Basta ver la televisión para comprobar que las influencias literarias
más importantes de la cultura, en este fin de siglo, son las de dos
"subgéneros" despreciados durante décadas por la
crítica "seria": la que hoy llamamos literatura fantástica,
surgida con las primeras novelas góticas del XIX (y que se ha diversificado
hasta abarcar lo mismo a Kafka que a Lovecraft, lo mismo a Tolkien que a
todos sus imitadores), y la ciencia-ficción, que comenzó,
también en el siglo pasado, como una apología de las ideas
sobre el progreso de la Ilustración, en medio de la creciente industrialización
de Europa.
Ya en las obras de H. G. Wells, y aún en las últimas de
Jules Verne, se criticaba la noción de que la tecnología iba
resolver todas las necesidades y problemas de la Humanidad, a terminar con
las guerras, etcétera. Pero al igual que con lo fantástico
(del que se explotan sólo los rasgos más escapistas), para
la gran mayoría del público la ciencia-ficción es menos
una literatura especulativa, como quiso llamarla Harlan Ellison, que fantasías
de poder adolescente con algún ropaje tecnológico. No es otra
la propuesta de grandes franquicias como Star Wars o Star
Trek, que tienen y merecen la desconfianza de los lectores y espectadores
más atentos.
En Latinoamérica, desde su nombre equívoco [una traducción
literal de science fiction, ficción científica], la
CF ha tenido que superar, además de los obstáculos mencionados
arriba, el absurdo aparente de cualquier examen de la tecnología
en países que no la producen. Nuestra realidad, se dice con justicia,
está lejos de ser la que reflejaban, en sus cuentos y novelas "clásicos",
autores como Hugo Gernsback, Isaac Asimov o Robert Heinlein, importadores
del optimismo europeo a los Estados Unidos tras la Primera Guerra Mundial.

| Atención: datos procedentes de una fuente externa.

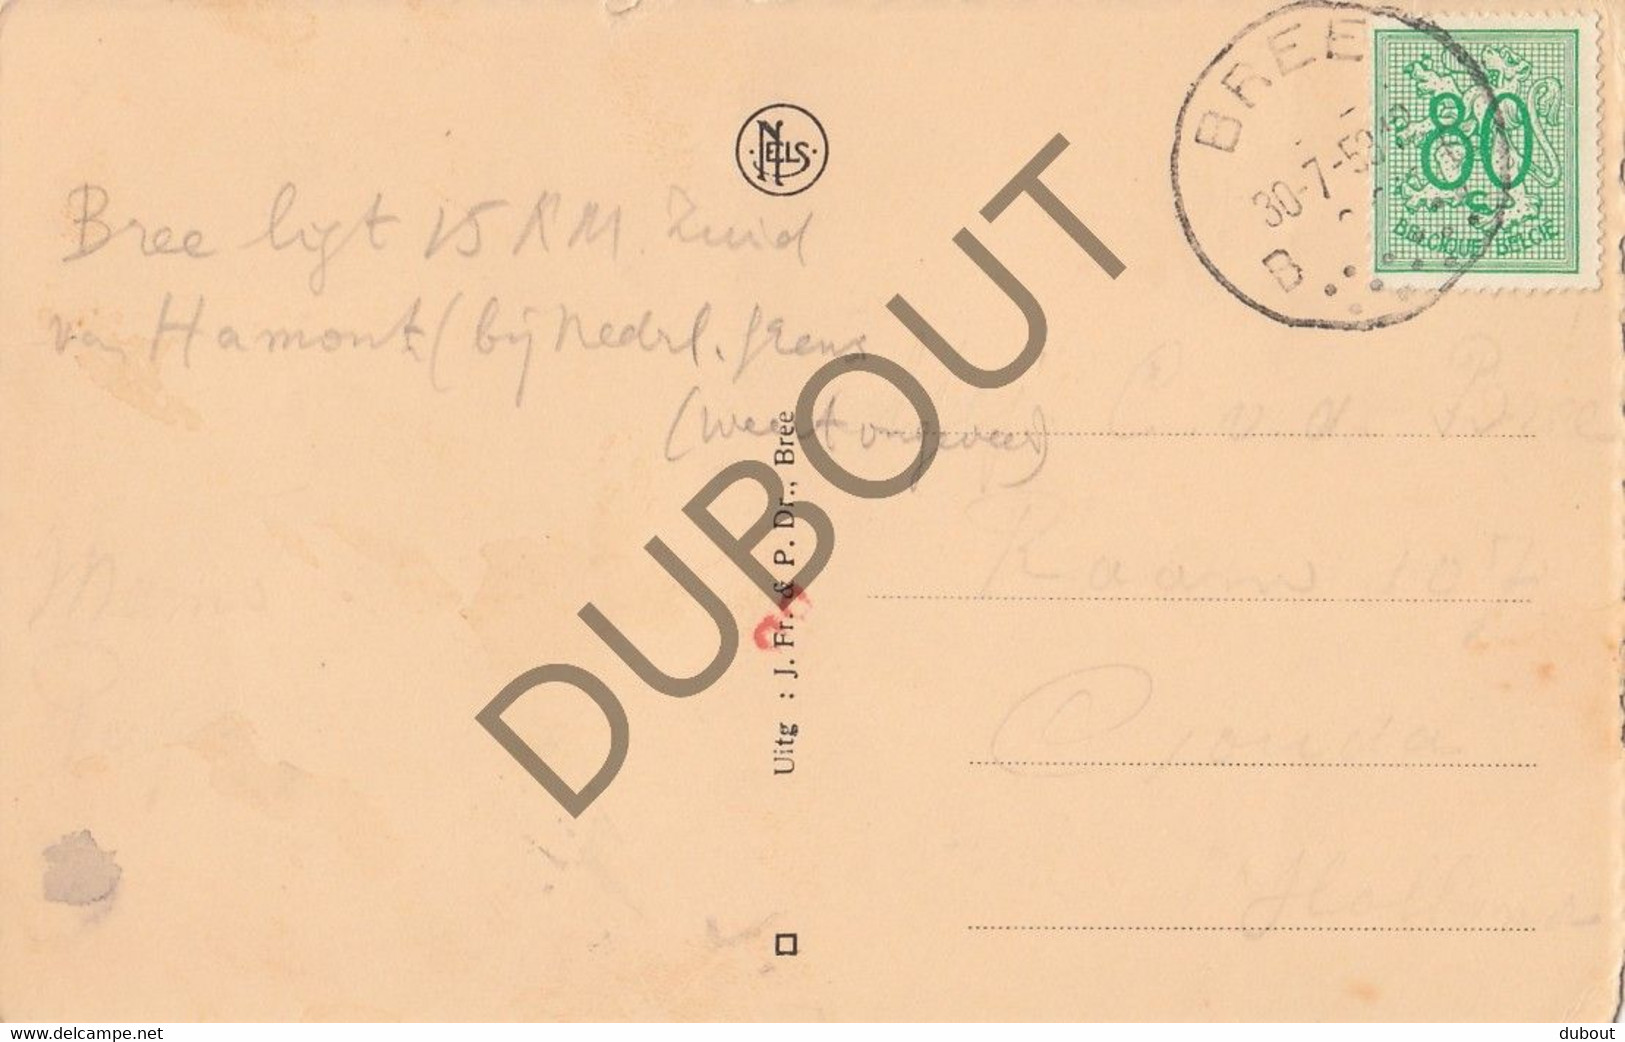 Postkaart/Carte Postale - BREE - Stadhuis En Kerktoren (C1940) - Bree

Sólo a partir de los años sesenta, cuando escritores de todo
el mundo decidieron aprovechar los elementos y motivos de la CF (pero no
sus formalidades) para escribir narraciones de mayores pretensiones literarias,
menos interesadas en los detalles de la tecnología que en su impacto,
en sus efectos últimos sobre los seres humanos, la CF comenzó
a ganarse el respeto que merecía desde precursores como Mary Shelley
o Villiers de l'Isle Adam.
Pero los más grandes autores de CF en este siglo deben, si no
un gran conjunto de obras dentro del género, sí una soberbia
interpretación de sus convenciones y premisas, así como un
listado enorme de precursores e influencias, a un escritor que no acostumbramos
mencionar al discutir el tema: Jorge Luis Borges.
2. La flor y las máquinas
La obra de Borges, inspirada siempre en una visión del mundo semejante
a la de los filósofos idealistas, y basada en unos pocos temas recurrentes
(el sueño, la identidad, el tiempo, los laberintos, la literatura
misma), nos parece lejana de la CF y su pretendida elaboración lógica
de las posibilidades de las ciencias. Pero el 27 de noviembre de 1936, en
la revista argentina El Hogar, Borges publicó la siguiente
reseña:
THINGS TO COME, DE H.G. WELLS. El autor de El hombre
invisible, de La isla del doctor Moreau, de Los primeros
hombres en la Luna y de La máquina del tiempo (he mencionado
sus mejores novelas, que no son por cierto las últimas) ha publicado
en un volumen de 140 páginas el texto minucioso de su reciente film
Lo que vendrá (1). ¿Lo ha hecho tal vez para
desentenderse un poco del film, para que no le crean responsable de todo
el film? La sospecha no es ilegítima. Por lo pronto, hay un capítulo
inicial de instrucciones. Ahí está escrito que los hombres
del porvenir no se disfrazarán de postes de telégrafo ni corretearán
de un lugar a otro, embutidos en armaduras de celofán, en recipientes
de cristal o en calderas de aluminio. "Quiero que Oswald Cabal (escribe
Wells) parezca un fino caballero, no un gladiador con su panoplia o un demente
acolchado. Nada de jazz ni de artefactos de pesadilla. Que todo sea
más grande, pero que no sea nunca monstruoso." Los espectadores
recordarán que los personajes del film carecen de calderas de celofán
y de armaduras de aluminio, pero recordarán que la impresión
general (harto más importante que los detalles) es de pesadilla,
y monstruosa.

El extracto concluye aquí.